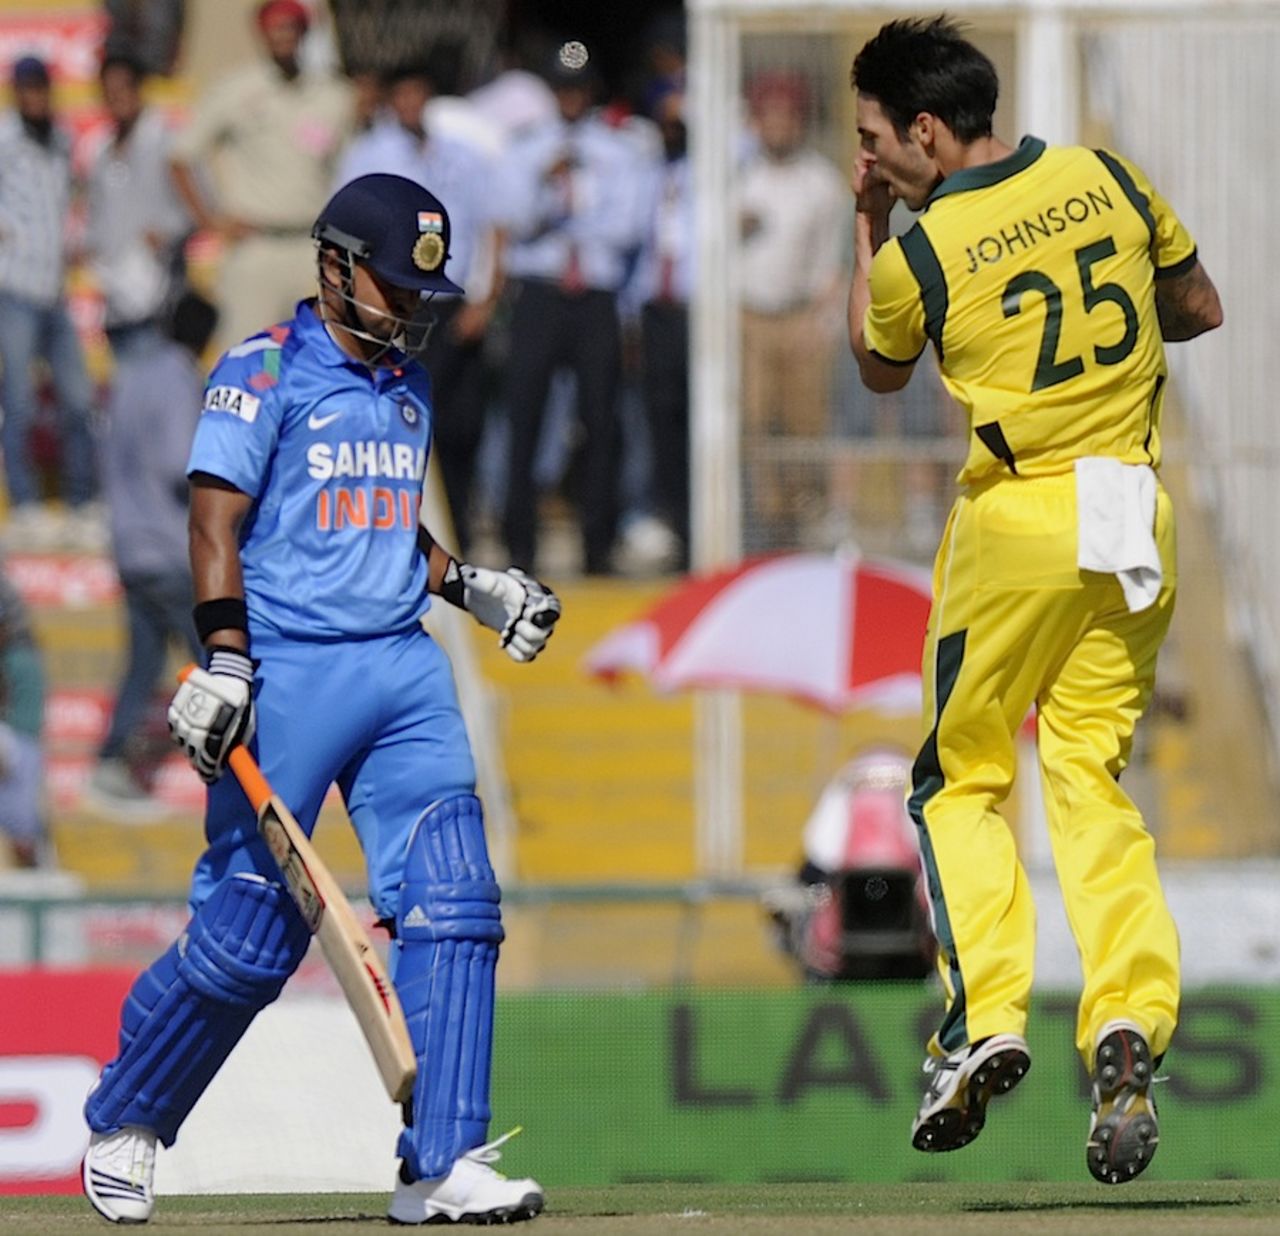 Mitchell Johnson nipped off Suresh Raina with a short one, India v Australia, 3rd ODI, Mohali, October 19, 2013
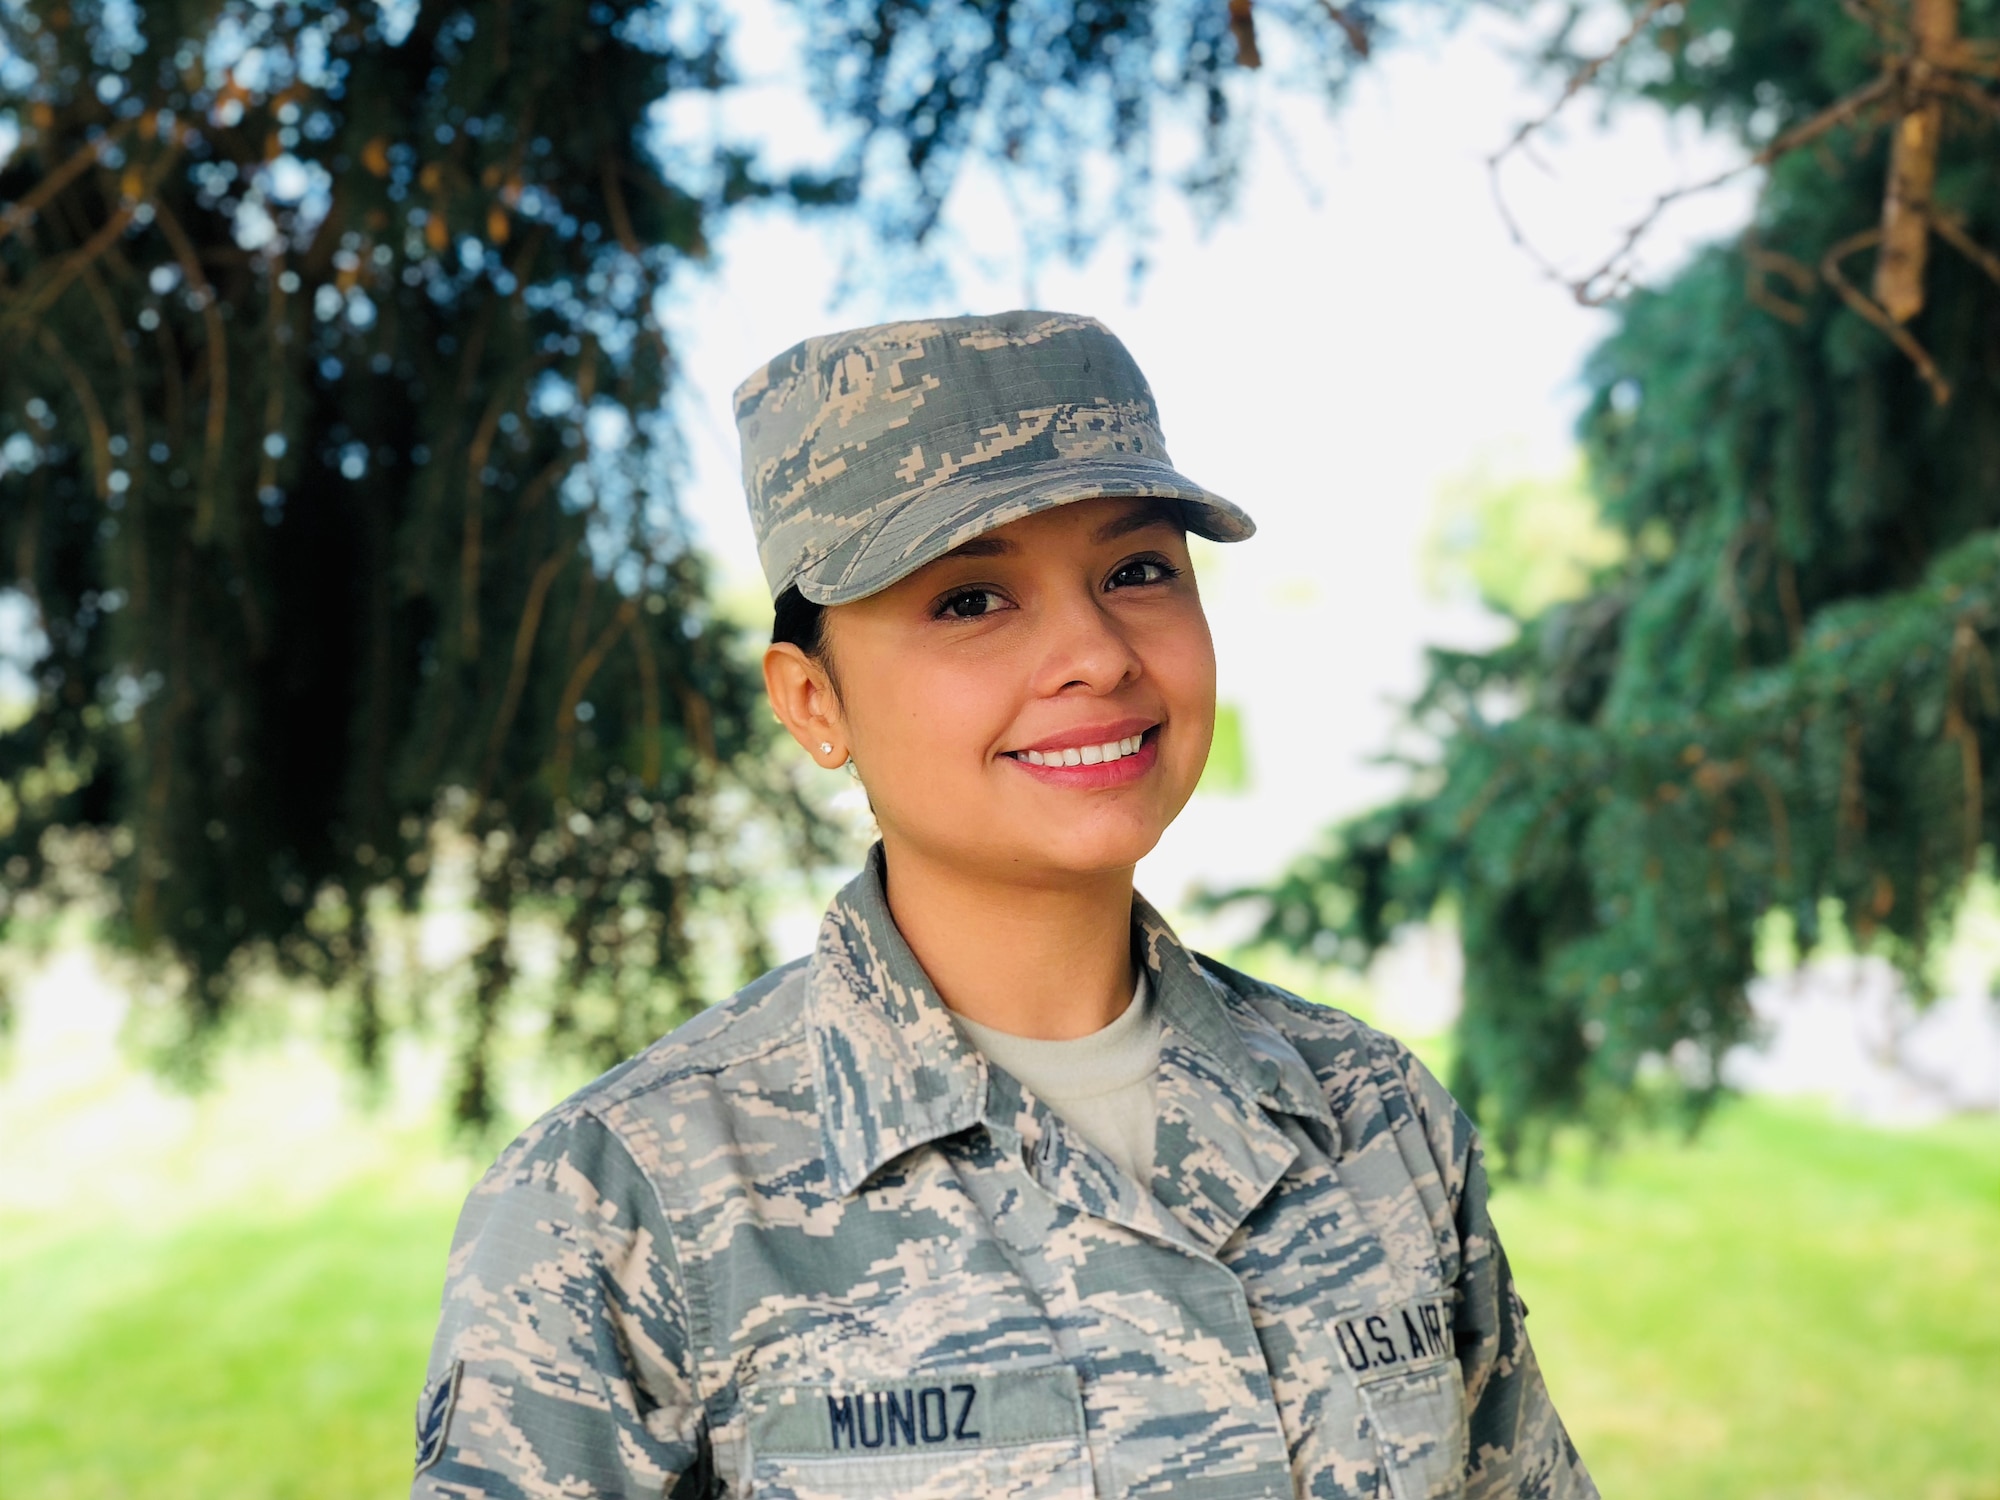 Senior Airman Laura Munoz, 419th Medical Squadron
────────────────────
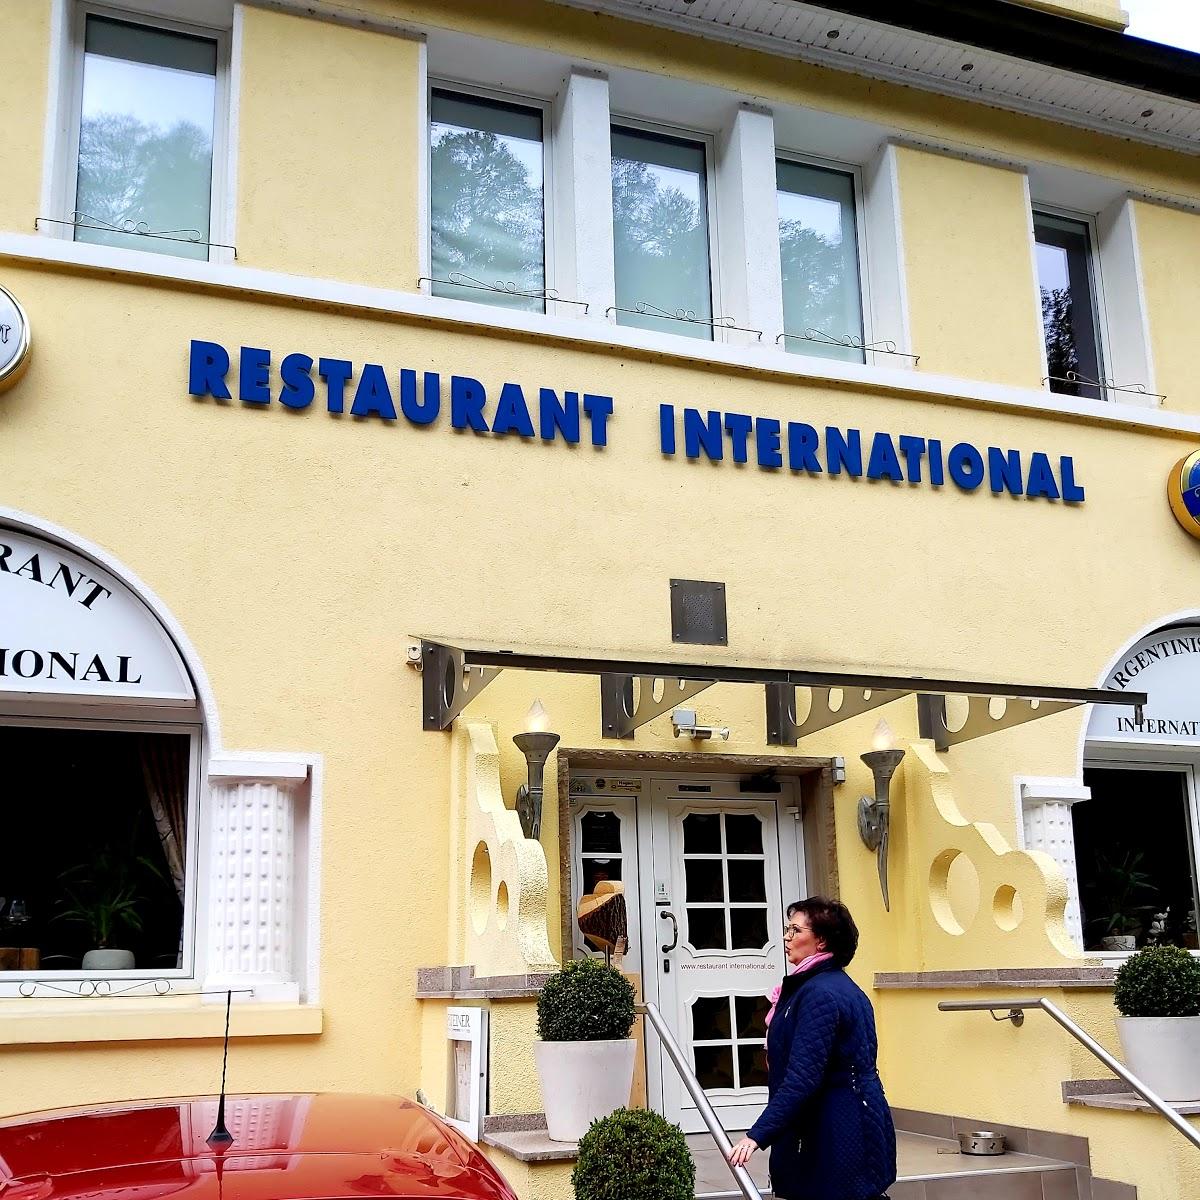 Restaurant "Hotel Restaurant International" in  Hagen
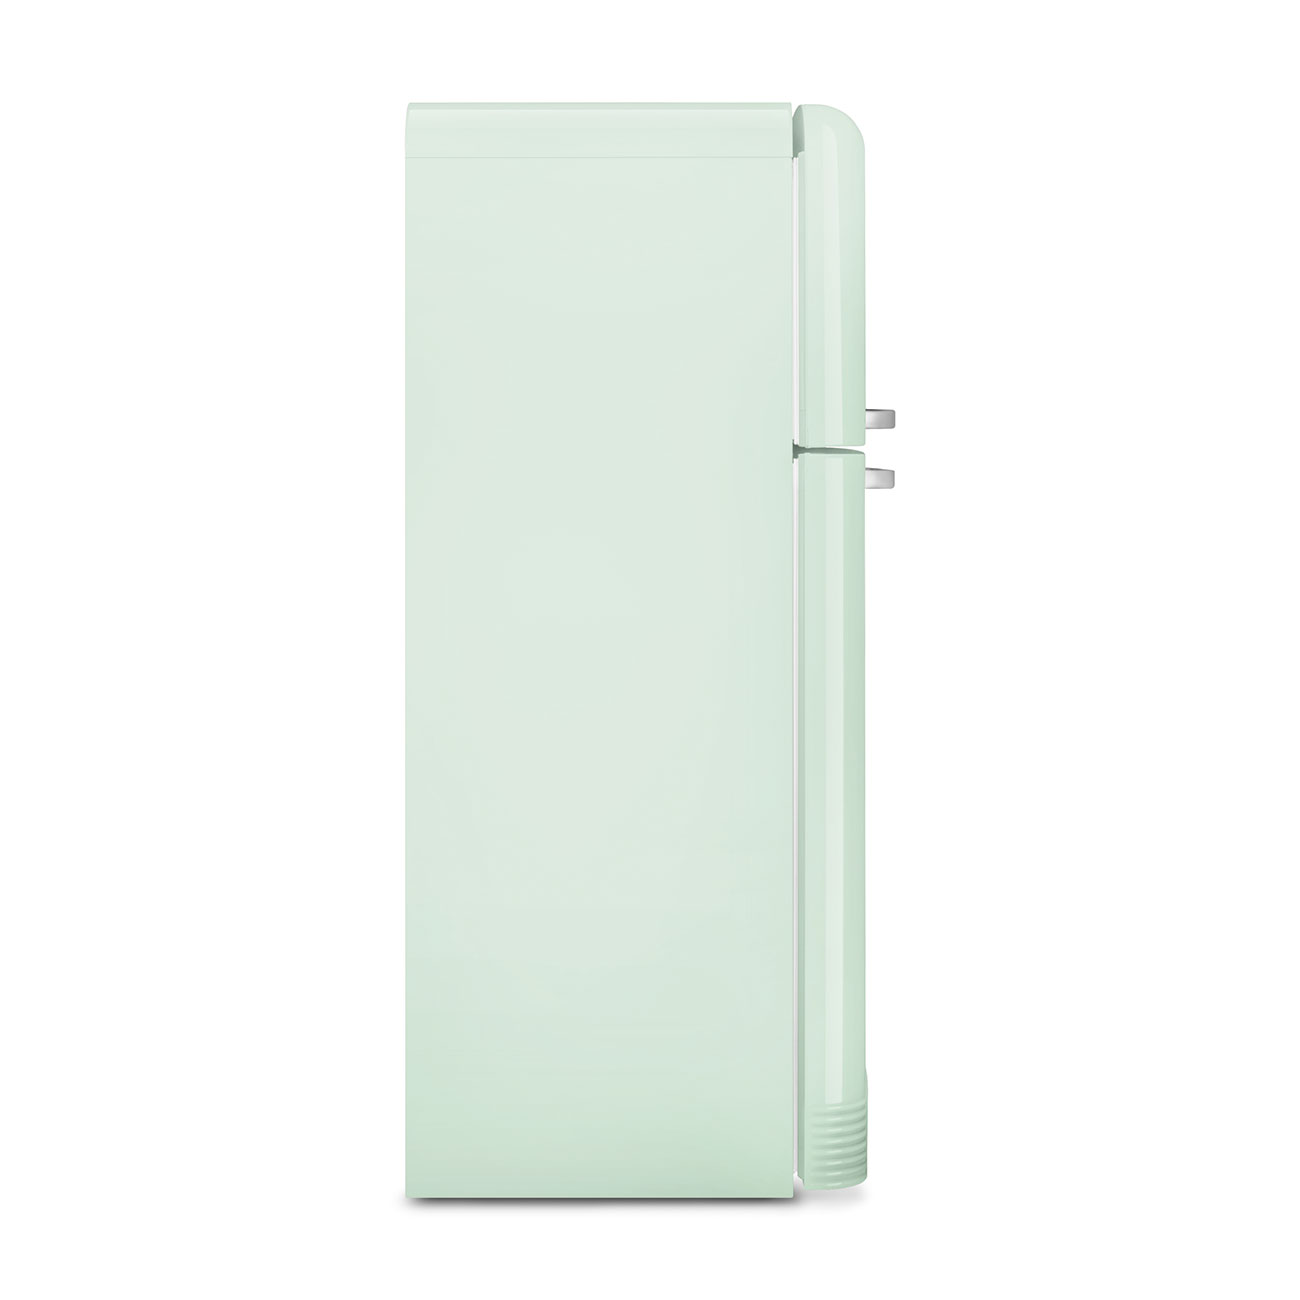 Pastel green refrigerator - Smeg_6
────────────────────
■ **EXERCISE BRIEF**
Print the part of the listing above that opens with the line containing "Mitchell Johnson nipped" and closes with the line containing "Senior Airman Laura". Copy it exactly, both ends included, and omit the pictures.

■ **OUTPUT FOR THIS TASK**
 Mitchell Johnson nipped off Suresh Raina with a short one, India v Australia, 3rd ODI, Mohali, October 19, 2013
 Senior Airman Laura Munoz, 419th Medical Squadron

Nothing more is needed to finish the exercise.